Task details
Where in the material does the word "Black" appear? Copy each line that has it.
▽
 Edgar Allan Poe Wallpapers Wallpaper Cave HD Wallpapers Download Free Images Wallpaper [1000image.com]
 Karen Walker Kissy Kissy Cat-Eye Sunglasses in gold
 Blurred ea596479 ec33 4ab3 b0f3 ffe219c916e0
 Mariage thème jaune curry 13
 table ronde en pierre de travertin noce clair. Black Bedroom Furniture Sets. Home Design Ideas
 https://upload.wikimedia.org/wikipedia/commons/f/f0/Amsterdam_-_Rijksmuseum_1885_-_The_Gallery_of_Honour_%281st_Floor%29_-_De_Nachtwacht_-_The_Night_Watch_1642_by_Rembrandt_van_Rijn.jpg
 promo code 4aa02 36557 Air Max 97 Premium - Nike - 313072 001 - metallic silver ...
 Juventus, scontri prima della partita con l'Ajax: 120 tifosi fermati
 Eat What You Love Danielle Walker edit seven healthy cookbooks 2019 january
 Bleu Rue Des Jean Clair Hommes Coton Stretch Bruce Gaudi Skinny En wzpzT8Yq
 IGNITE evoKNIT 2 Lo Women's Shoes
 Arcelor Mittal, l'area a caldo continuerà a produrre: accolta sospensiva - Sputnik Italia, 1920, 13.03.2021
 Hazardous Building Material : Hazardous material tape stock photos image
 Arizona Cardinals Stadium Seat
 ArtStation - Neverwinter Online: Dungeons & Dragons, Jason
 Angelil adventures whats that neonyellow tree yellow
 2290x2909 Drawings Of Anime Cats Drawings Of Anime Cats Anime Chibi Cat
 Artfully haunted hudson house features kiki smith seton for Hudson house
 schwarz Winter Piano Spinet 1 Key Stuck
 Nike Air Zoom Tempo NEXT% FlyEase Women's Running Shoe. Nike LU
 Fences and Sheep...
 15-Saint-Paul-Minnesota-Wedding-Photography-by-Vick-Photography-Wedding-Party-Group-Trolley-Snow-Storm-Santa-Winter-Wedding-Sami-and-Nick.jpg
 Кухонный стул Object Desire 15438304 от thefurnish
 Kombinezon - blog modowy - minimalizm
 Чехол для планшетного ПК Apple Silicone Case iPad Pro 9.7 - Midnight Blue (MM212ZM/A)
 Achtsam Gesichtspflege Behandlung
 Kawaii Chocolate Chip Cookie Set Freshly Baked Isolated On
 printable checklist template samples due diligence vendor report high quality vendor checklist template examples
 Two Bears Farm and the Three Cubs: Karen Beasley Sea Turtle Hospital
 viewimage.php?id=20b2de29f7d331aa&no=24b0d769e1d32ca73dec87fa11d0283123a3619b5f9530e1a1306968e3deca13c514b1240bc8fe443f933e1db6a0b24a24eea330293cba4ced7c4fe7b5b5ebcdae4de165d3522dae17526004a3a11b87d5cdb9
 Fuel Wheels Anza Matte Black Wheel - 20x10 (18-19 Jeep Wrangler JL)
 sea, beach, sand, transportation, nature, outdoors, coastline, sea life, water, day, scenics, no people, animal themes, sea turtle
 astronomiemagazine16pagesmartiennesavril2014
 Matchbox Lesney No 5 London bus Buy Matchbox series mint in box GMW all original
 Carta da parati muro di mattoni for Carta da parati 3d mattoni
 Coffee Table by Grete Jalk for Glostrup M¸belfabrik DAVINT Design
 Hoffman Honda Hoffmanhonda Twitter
△
Exercise result
 table ronde en pierre de travertin noce clair. Black Bedroom Furniture Sets. Home Design Ideas
 Fuel Wheels Anza Matte Black Wheel - 20x10 (18-19 Jeep Wrangler JL)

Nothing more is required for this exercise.